■ Aim of the task: Apart from the images, reproduce all of the data word for word.

■ Collected material:
• • • •

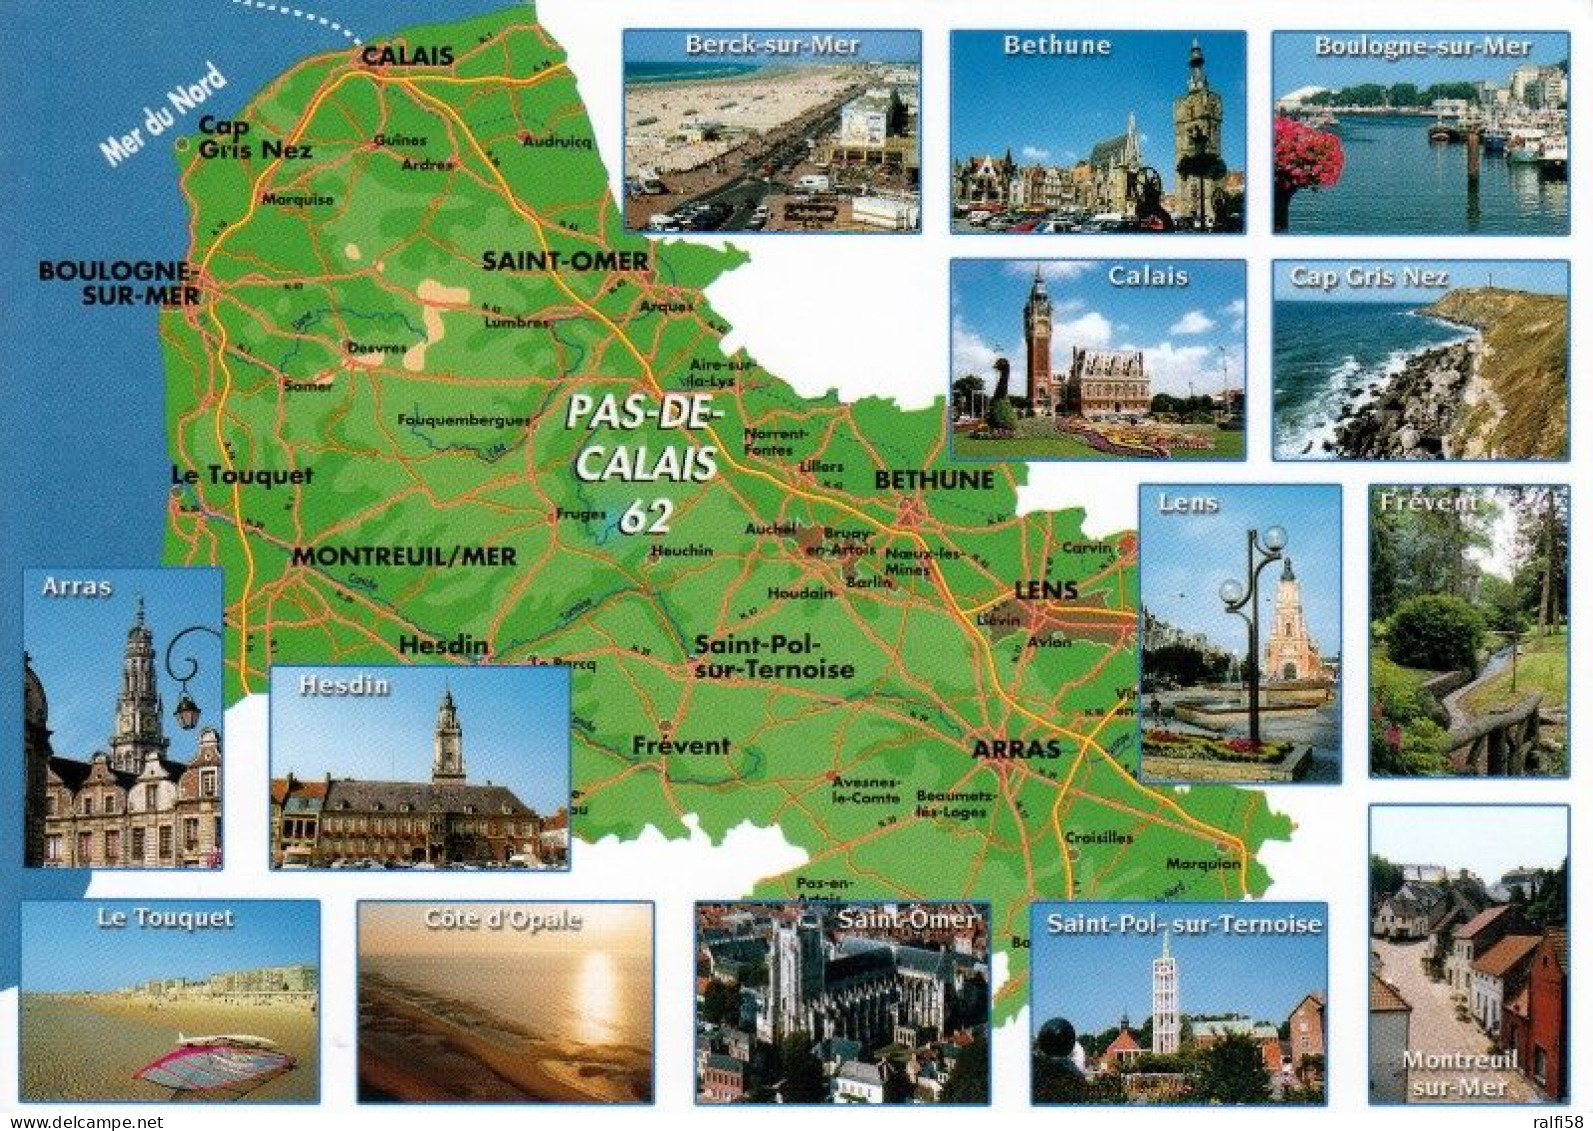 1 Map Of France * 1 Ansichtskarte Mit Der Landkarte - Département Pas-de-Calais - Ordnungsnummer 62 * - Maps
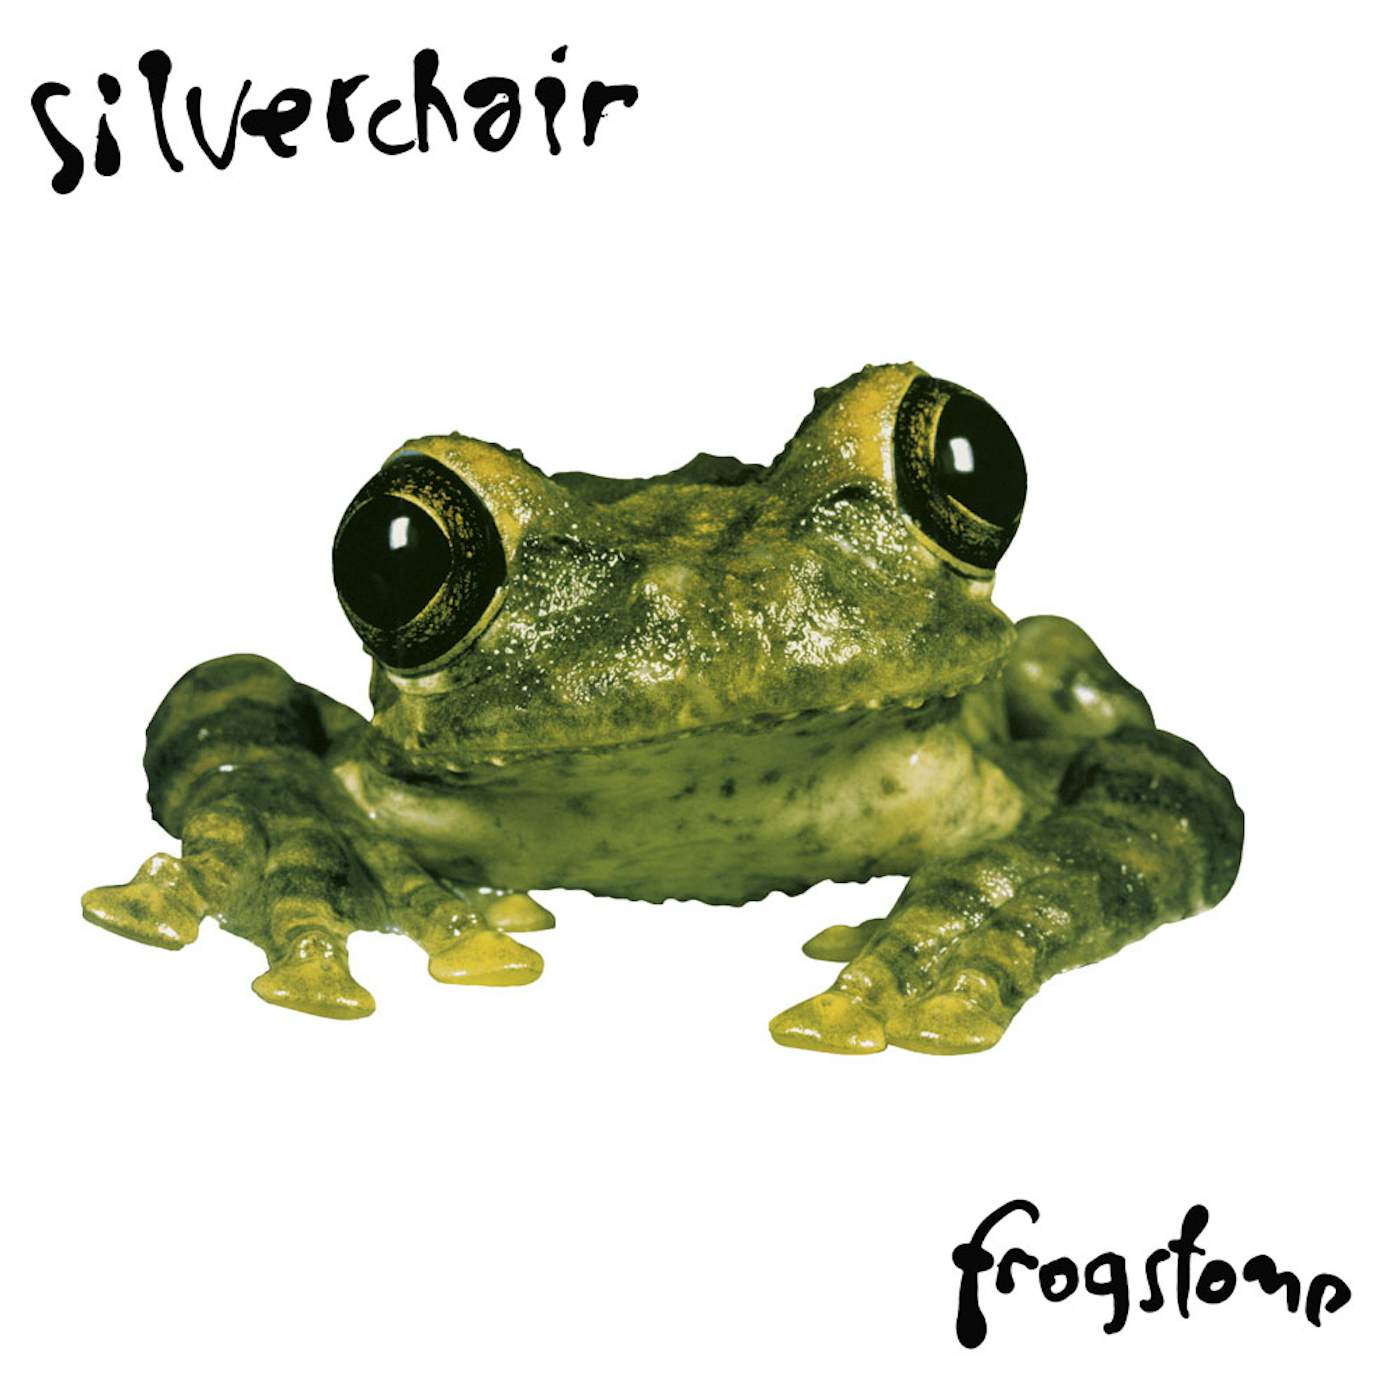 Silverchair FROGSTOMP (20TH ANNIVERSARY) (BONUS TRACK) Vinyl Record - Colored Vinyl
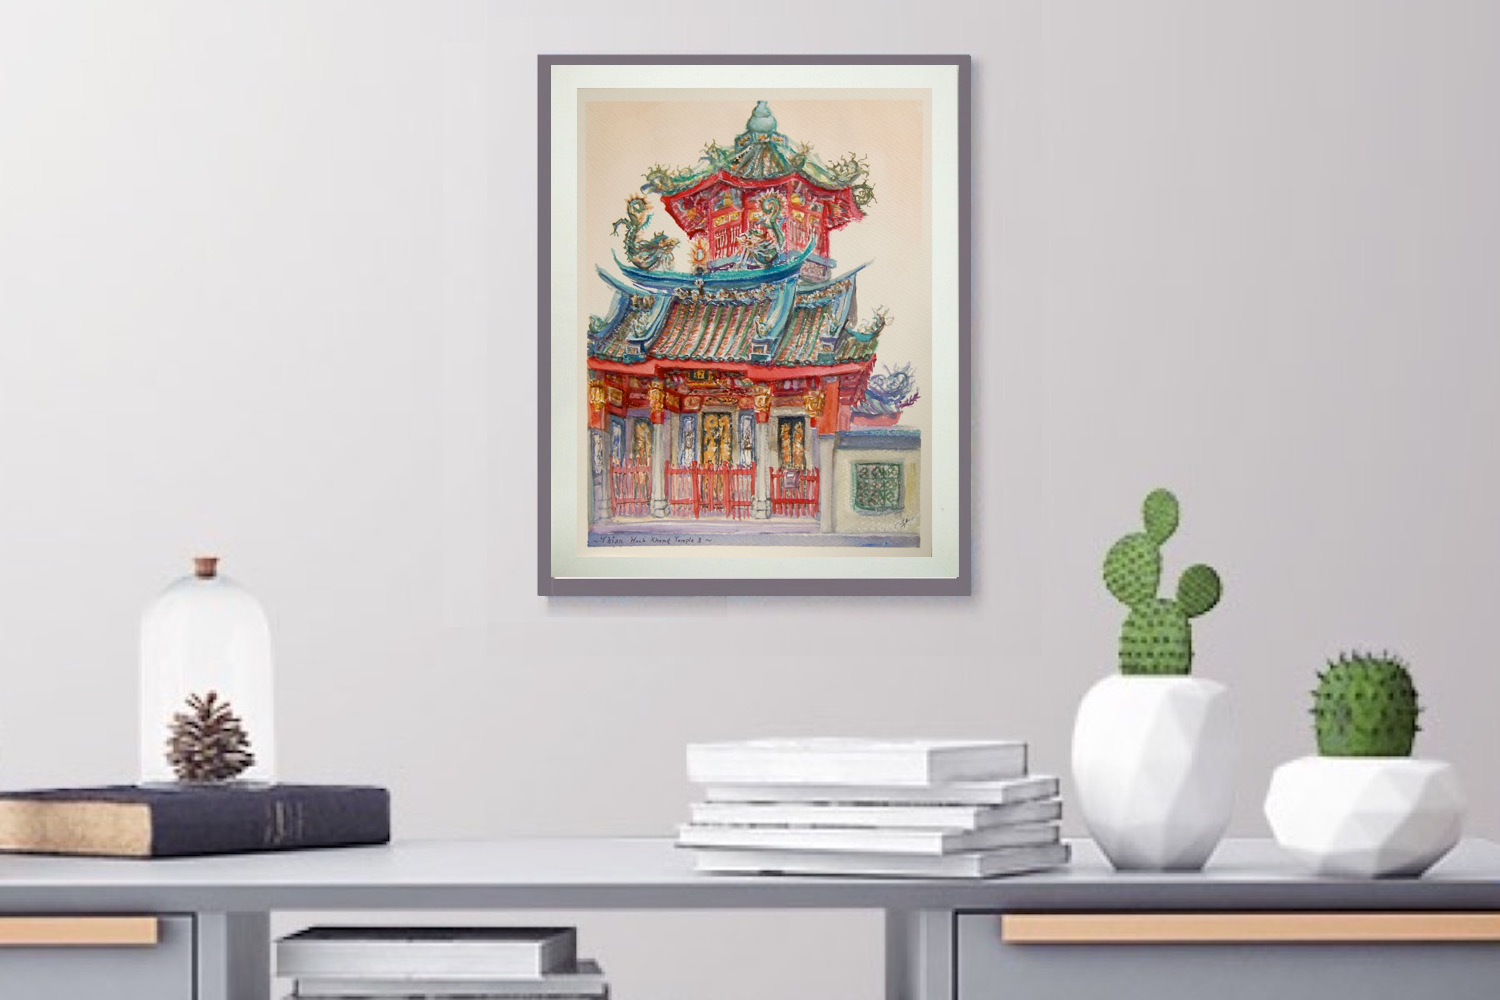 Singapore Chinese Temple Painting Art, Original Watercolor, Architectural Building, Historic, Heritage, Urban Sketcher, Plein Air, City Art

• • • •

■ Result of this exercise:
 1 Map Of France * 1 Ansichtskarte Mit Der Landkarte - Département Pas-de-Calais - Ordnungsnummer 62 * - Maps
 Silverchair FROGSTOMP (20TH ANNIVERSARY) (BONUS TRACK) Vinyl Record - Colored Vinyl
 Singapore Chinese Temple Painting Art, Original Watercolor, Architectural Building, Historic, Heritage, Urban Sketcher, Plein Air, City Art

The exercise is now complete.